WORK TASK => All lines from the one containing "London Fog Purse Vintage Handbags | Mercari" down to the one containing "University College Nordjylland", both ends included, are to be given again exactly; omit the rest of the listing below.

RECORDS TO PROCESS =>
|---|

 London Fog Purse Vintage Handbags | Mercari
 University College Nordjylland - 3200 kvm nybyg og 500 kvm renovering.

|---|

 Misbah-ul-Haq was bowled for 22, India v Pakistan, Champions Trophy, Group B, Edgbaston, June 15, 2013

|---|

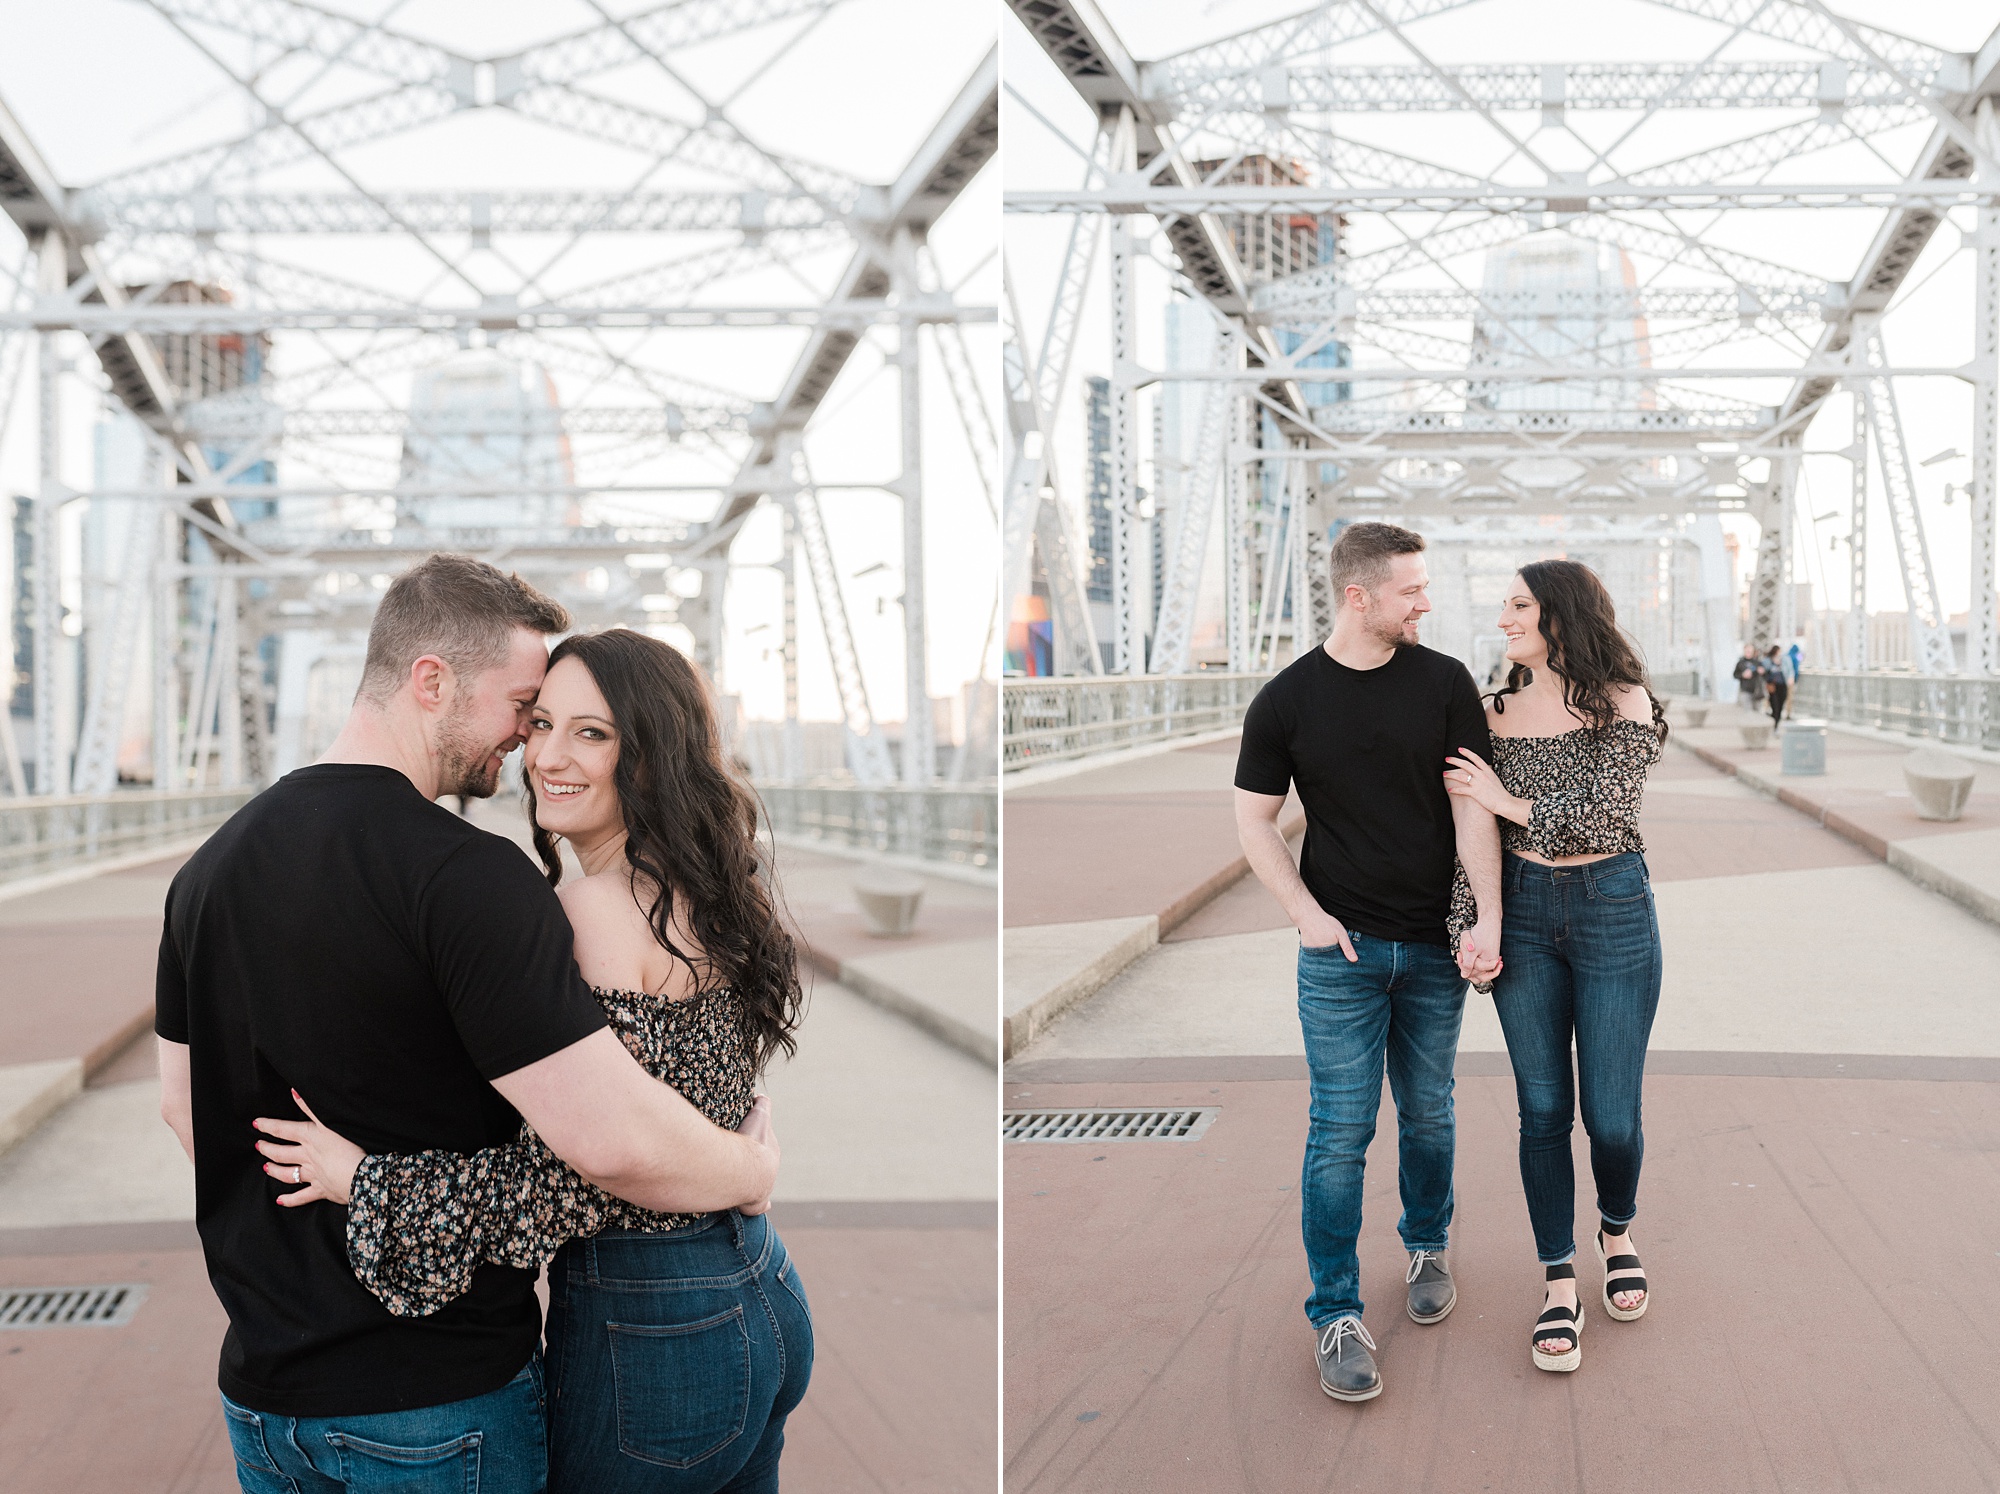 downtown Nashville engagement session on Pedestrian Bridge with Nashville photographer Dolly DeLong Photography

|---|

THE COMPLETED TASK =>
 London Fog Purse Vintage Handbags | Mercari
 University College Nordjylland - 3200 kvm nybyg og 500 kvm renovering.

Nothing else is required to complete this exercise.